Could you retype exactly the lines below between the one holding "3ee2d08c26bc Bella Couture" and the one holding "Apple выпустила AirPods", inclusive, leaving out any pictures?
=== Supplied records ===
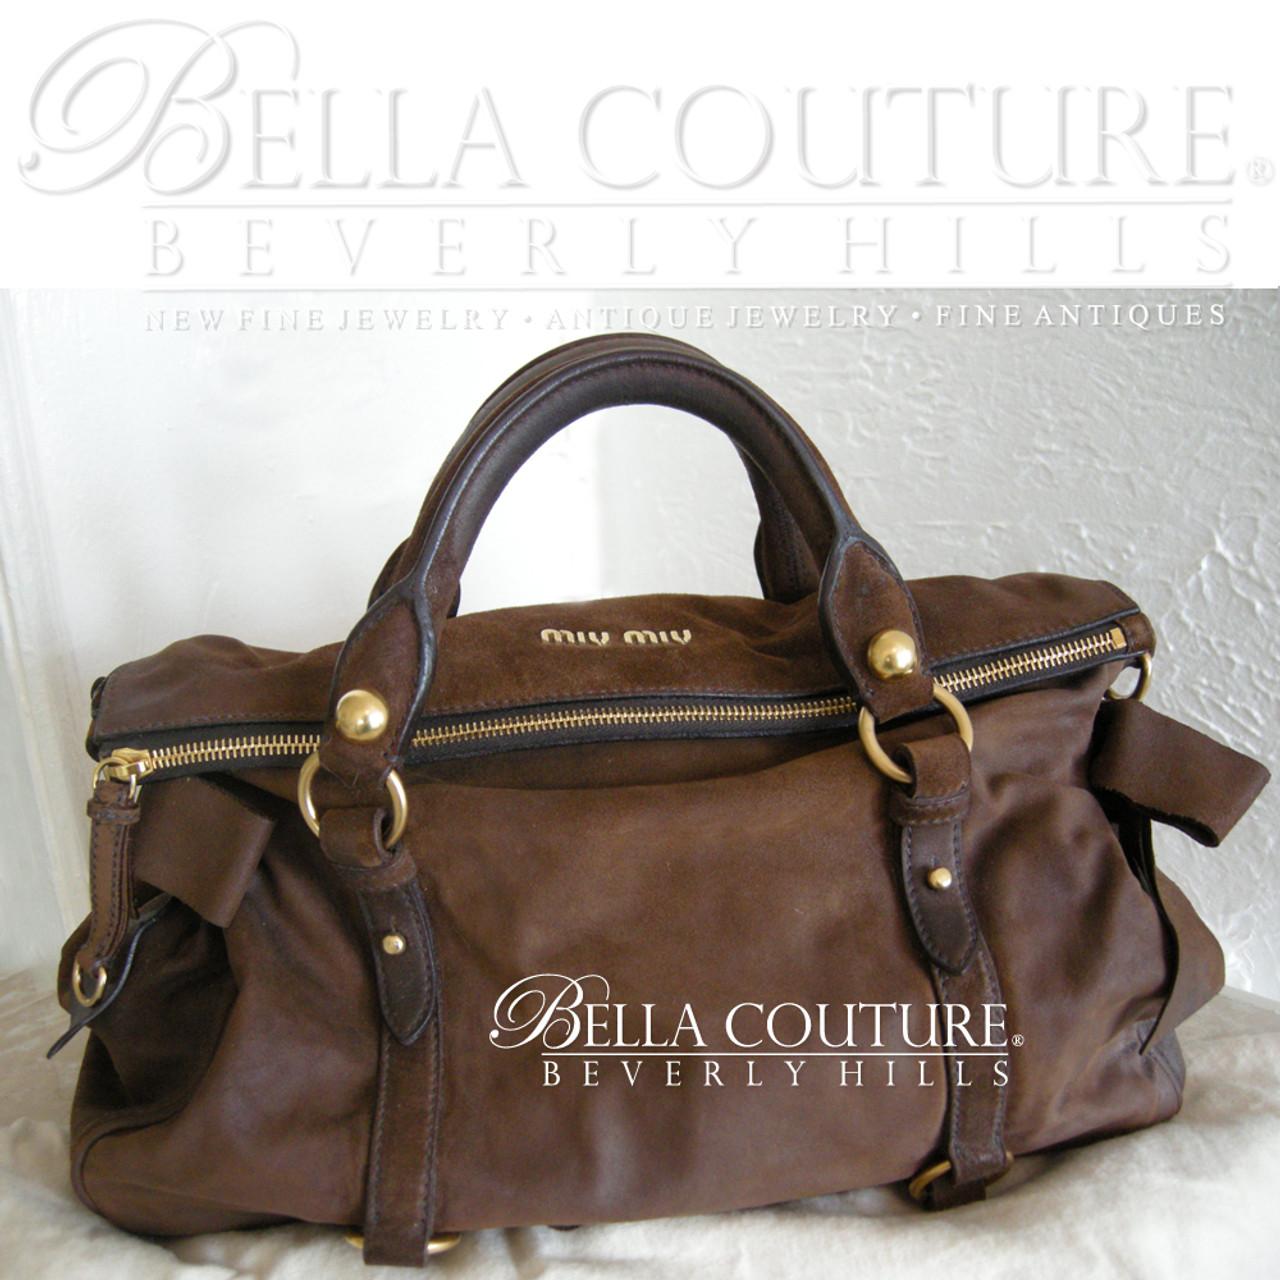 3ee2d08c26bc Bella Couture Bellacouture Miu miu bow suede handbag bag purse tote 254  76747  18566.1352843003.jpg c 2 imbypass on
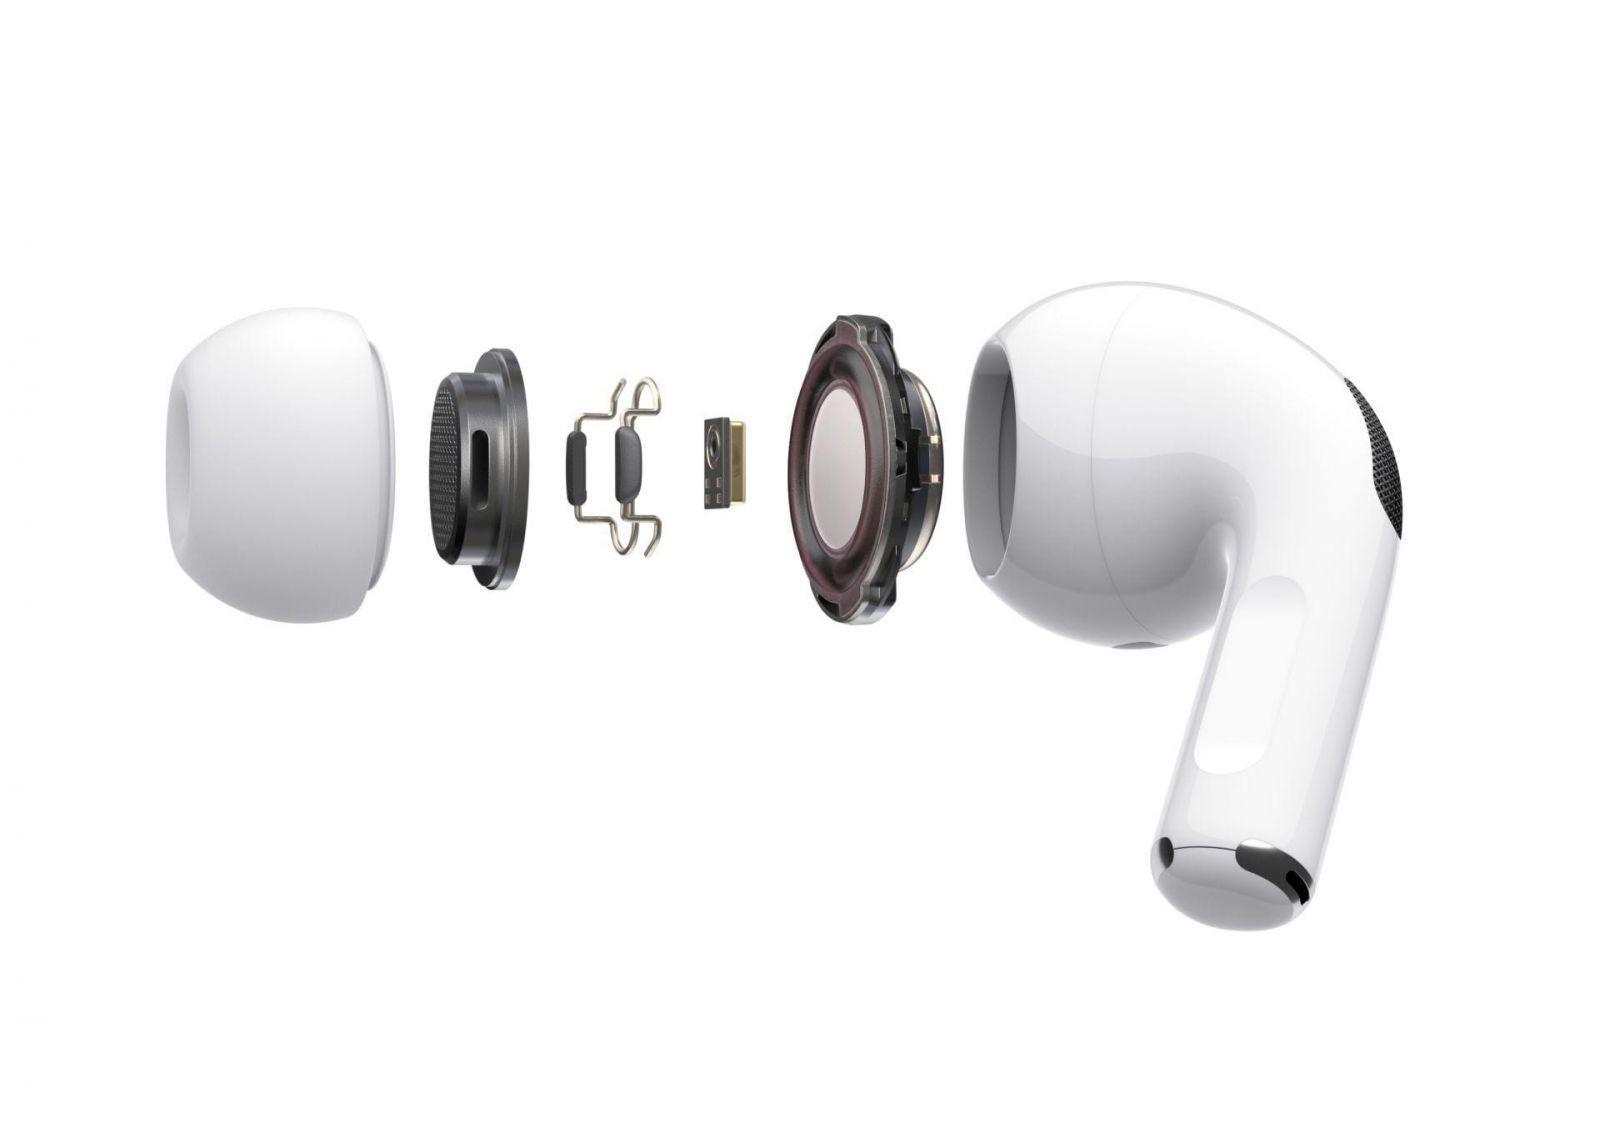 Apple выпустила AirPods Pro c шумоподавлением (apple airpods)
===
=== Supplied records ===
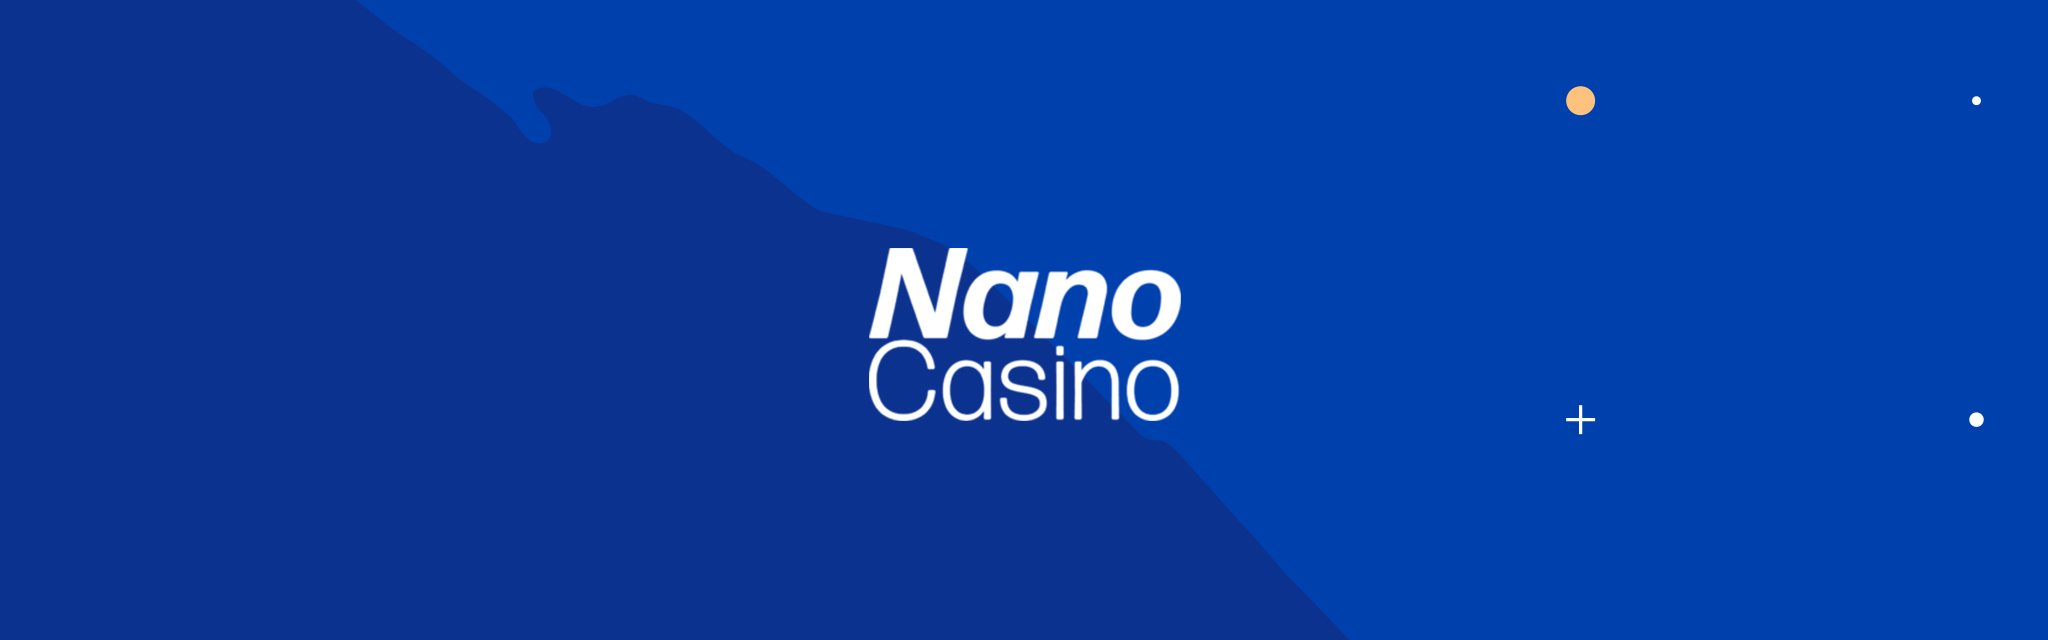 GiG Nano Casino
===
(Answer to this exercise):
 3ee2d08c26bc Bella Couture Bellacouture Miu miu bow suede handbag bag purse tote 254  76747  18566.1352843003.jpg c 2 imbypass on
 Apple выпустила AirPods Pro c шумоподавлением (apple airpods)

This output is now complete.